By ED TRAVIS
Sam Snead—Slammin’ Sammy—golfing legend, multiple major winner, Hall of Fame member and holder of the record for most wins on the PGA Tour with 82. And there’s another little known distinction in Snead’s distinctive career.
Sam Snead is the only man to ever post a victory on the LPGA Tour.
Back in February 1962, for the second year in a row, Snead teed it up against 14 of the best female professional golfers in the Royal Poinciana Invitational, a sanctioned LPGA Tour event held on the Palm Beach Par 3 Golf Club.
Yes, that’s correct a par-3 course and an official stop on the 12-year-old LPGA Tour. The players competing included all-time greats Louise Suggs (who beat Snead for the title in 1961), Mickey Wright, Betsy Rawls and Kathy Whitworth. Wright finished second by five shots to Snead’s score of 211 (52, 53, 53, 53) for four rounds played over two days.
Said Snead, quoted in an article by Dick Taylor in the Palm Beach Post of February 8, 1962, “I decided to play just as steady as I could, and let the girls make the mistakes. You can’t ‘go to the whip’ with them as you can on the men’s tour.” Comments that obviously wouldn’t withstand today’s frantic politically correct scrutiny.

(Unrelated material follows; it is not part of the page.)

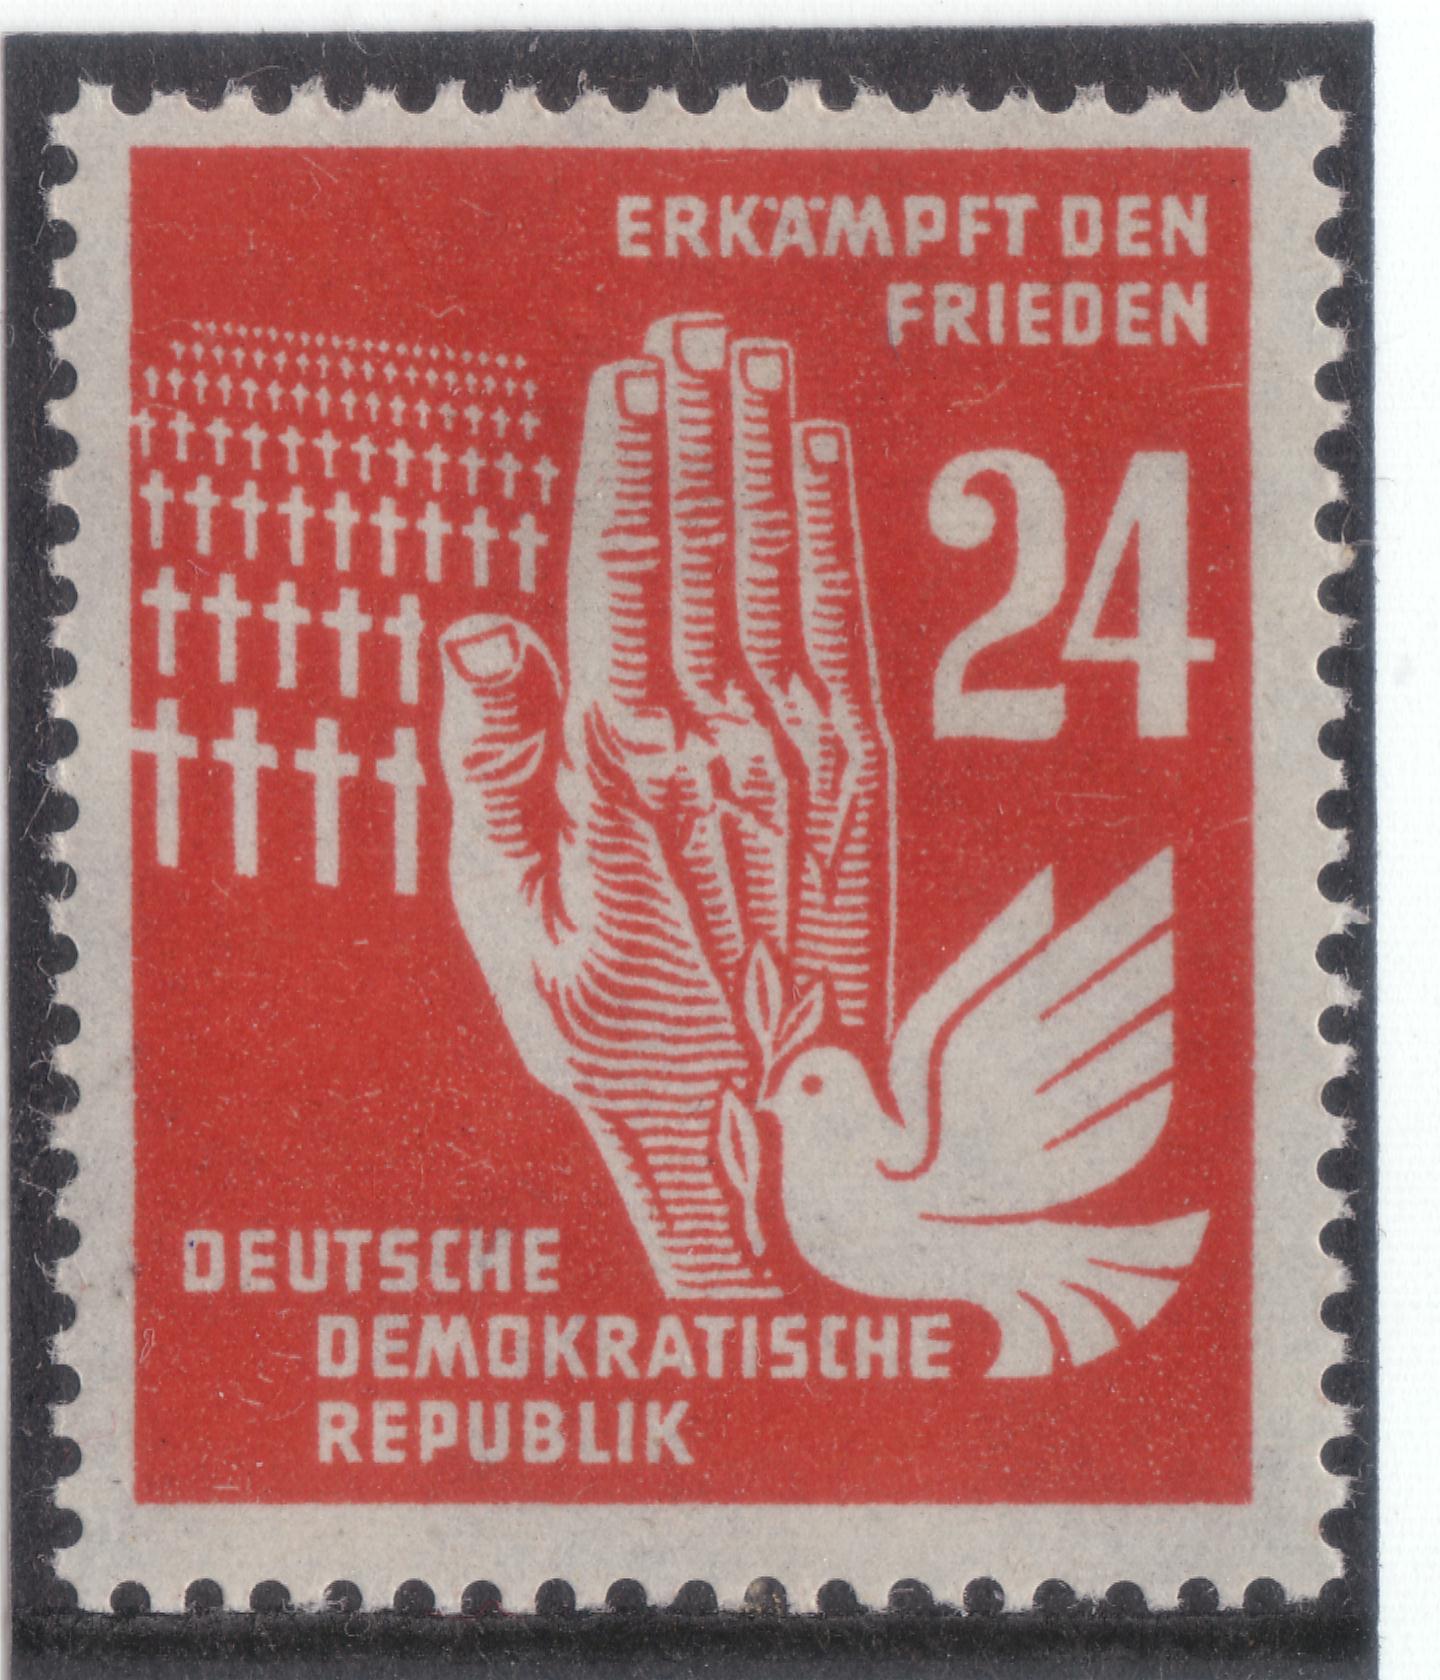 Kampf für Frieden 1950 - Friedenstaube und Hand vor einem Soldatenfriedhof

After losing the previous year’s event by two strokes to future Hall of Famer Suggs, Snead had to take a lot of teasing even though it was a 54 hole event and had 11 other male professionals in the field including Bobby Cruickshank, Gardner Dickinson and Lew Worsham. Typical of the times, press reports were vague as to the amount of the winner’s check Snead took home but it was “in the neighborhood of $1,500.”